The optimal solution satisfies $\nabla_{\boldsymbol{\theta}} \mathcal{L} = \mathbf{0}$ and $g(\boldsymbol{\theta}) = 0$.

Application: In Chapter 25, we formulate squad optimization as a constrained problem: maximize expected performance subject to budget constraints and squad size limits.

A.6.6 Convexity

A function $f$ is convex if for all $\mathbf{x}, \mathbf{y}$ and $\lambda \in [0,1]$:

$$f(\lambda \mathbf{x} + (1-\lambda)\mathbf{y}) \leq \lambda f(\mathbf{x}) + (1-\lambda) f(\mathbf{y})$$

For convex functions, any local minimum is also a global minimum. OLS regression and logistic regression are convex optimization problems, guaranteeing that gradient-based methods find the global optimum. Neural networks are generally non-convex, so we rely on good initialization and adaptive optimizers.

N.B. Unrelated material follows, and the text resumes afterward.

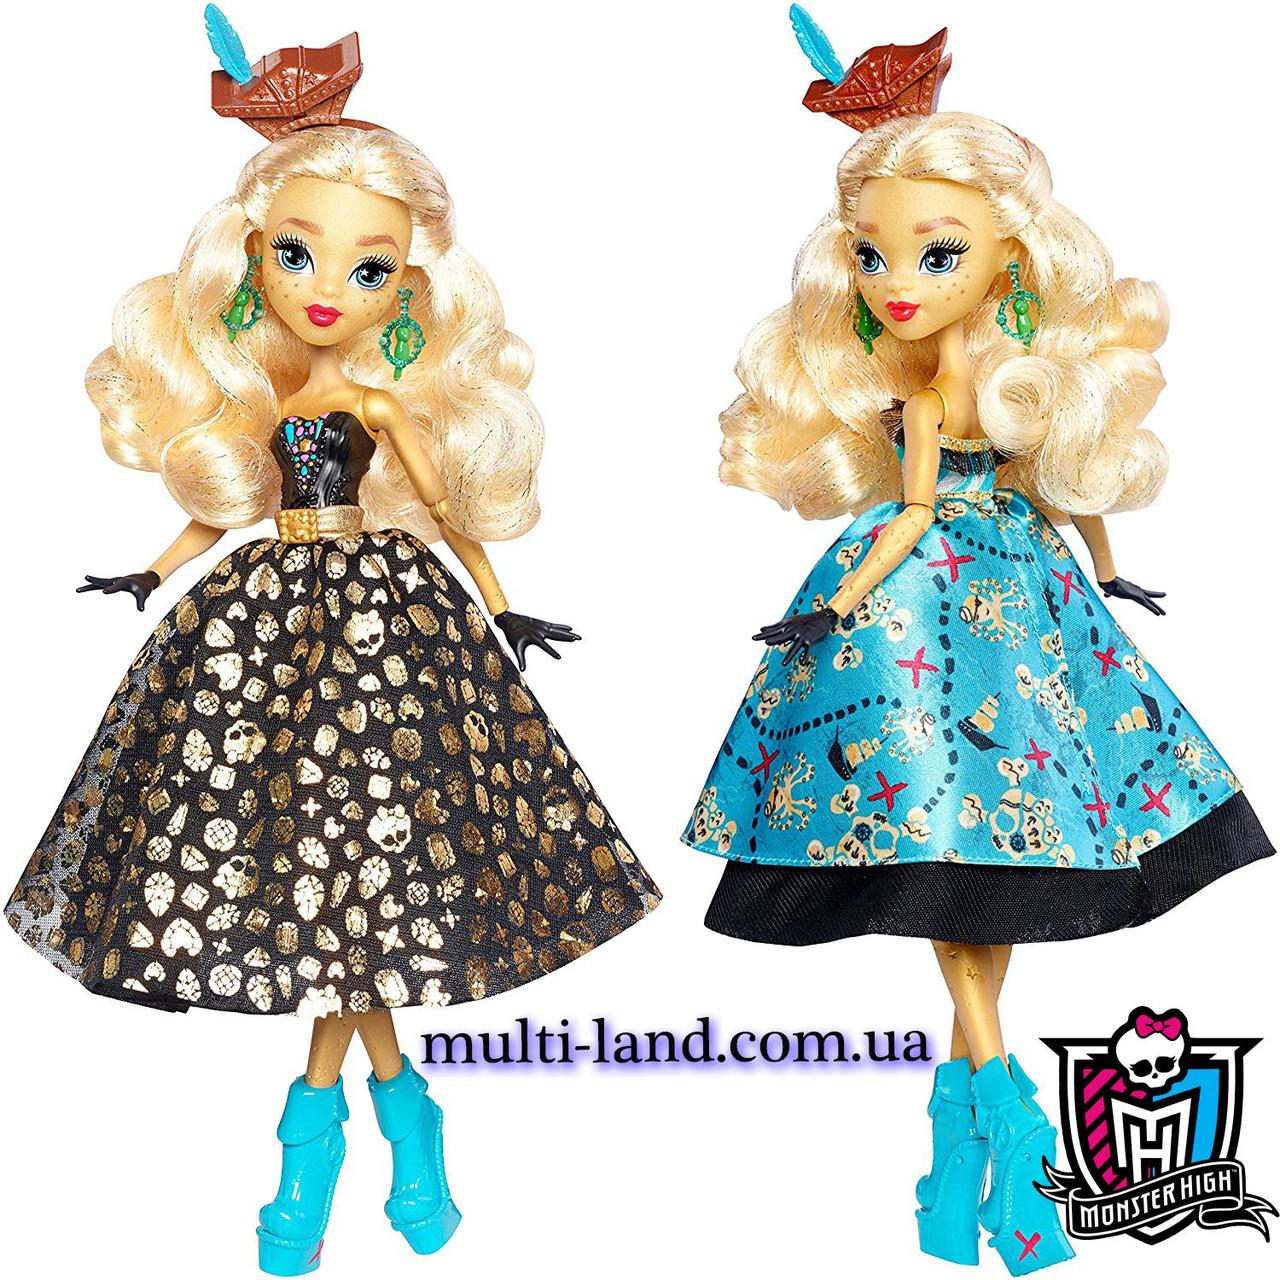 Кукла Монстр Хай Дана Трежура Джонс Кораблекрушение Monster High Shriekwrecked Dayna Treasura Jones Doll

This appendix provides the mathematical scaffolding for the methods developed throughout the text. For extended treatments, we recommend Strang (2019) for linear algebra, Casella and Berger (2002) for statistical theory, and Boyd and Vandenberghe (2004) for optimization. Full citations appear in Appendix H.